During tests, in the case of autoassociative neural networks, the most readable views were obtained with the network consisting of six layers in total. Three layers were used for the change of seven-dimensional input space into two outputs \((y_{3,1}, y_{3,2})\) of the interlayer used for the visualization. Then, three layers were used to change these two outputs into seven network outputs. Figure 9 presents the view obtained using the autoassociative neural network. It is visible in the figure that signals being the response to data representing samples of coal with different susceptibility to gasification accumulate in aggregations. These aggregations can easily be separated from each other. We can conclude from this that samples of coal well and poorly susceptible to gasification occupy separate subareas of the multidimensional space of features. This in turn allows to state that selected features are sufficient for the correct differentiation in the susceptibility to fluidal gasification. Areas occupied by signals representing different susceptibility to gasification are separated by a curve in the figure. This curve does not have any inflection points. This means that the obtained view constitutes the most readable result from the perspective of the assumed criterion for the readability of the visualization results. This view was obtained with \({\text {ITER}}=340\), which means that network learning was repeated 340 times for each sample. It must be noted that the autoassociative neural network learning proceeds without any information on belonging of data vectors to specific classes. In this connection, the way in which signals of the interlayer used for the visualization are grouped depends only on some features of these data observed by the network.

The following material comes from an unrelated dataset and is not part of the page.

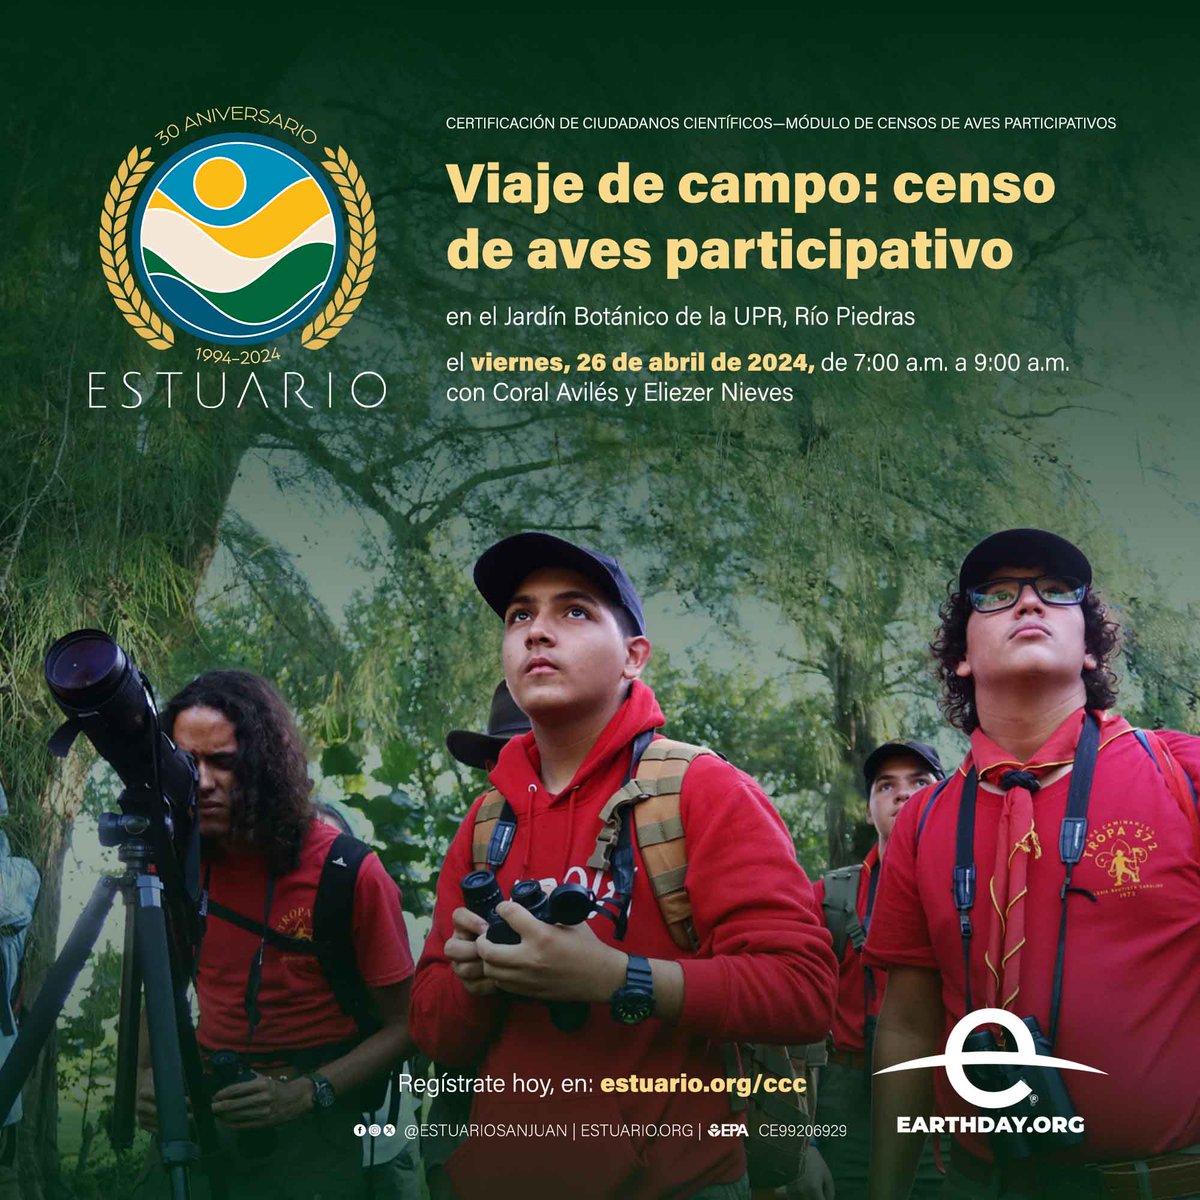 Participa en el censo de aves participativo en el Jardín Botánico de la UPR en Río Piedras, el viernes, 26 de abril, mes del planeta Tierra, de 7:00 a.m. a 9:00 a.m. Regístrate hoy, en: estuario.org/ccc — #puertorico #calidaddeagua #earthday

Figure 10 presents the view obtained using the autoassociative neural network for data describing samples of coal with a different degree of susceptibility to fluidal gasification, but with the omission of the chlorine content effect. Such an approach causes that significantly more samples are marked as well susceptible to gasification. The consequence of using such samples for gasification is only a small increase in the level of contamination. It is also visible in the figure that signals being the response to data representing samples of coal with different susceptibility to gasification accumulate in aggregations. These aggregations can easily be separated from each other. We can conclude from this that samples of coal well and poorly susceptible to gasification occupy separate subareas of the multidimensional space of features. This in turn allows to state that selected features are sufficient for the correct differentiation in susceptibility to fluidal gasification also with the omission of the chlorine content effect. Areas occupied by signals representing different susceptibility to gasification are separated by a curve. This curve also does not have any inflection points. This view was obtained with \({\text {ITER}}=9000\), which means that network learning was repeated 9000 times for each sample. Additionally, random initial values of weights other than for the previous figure were generated in order to obtain the above view.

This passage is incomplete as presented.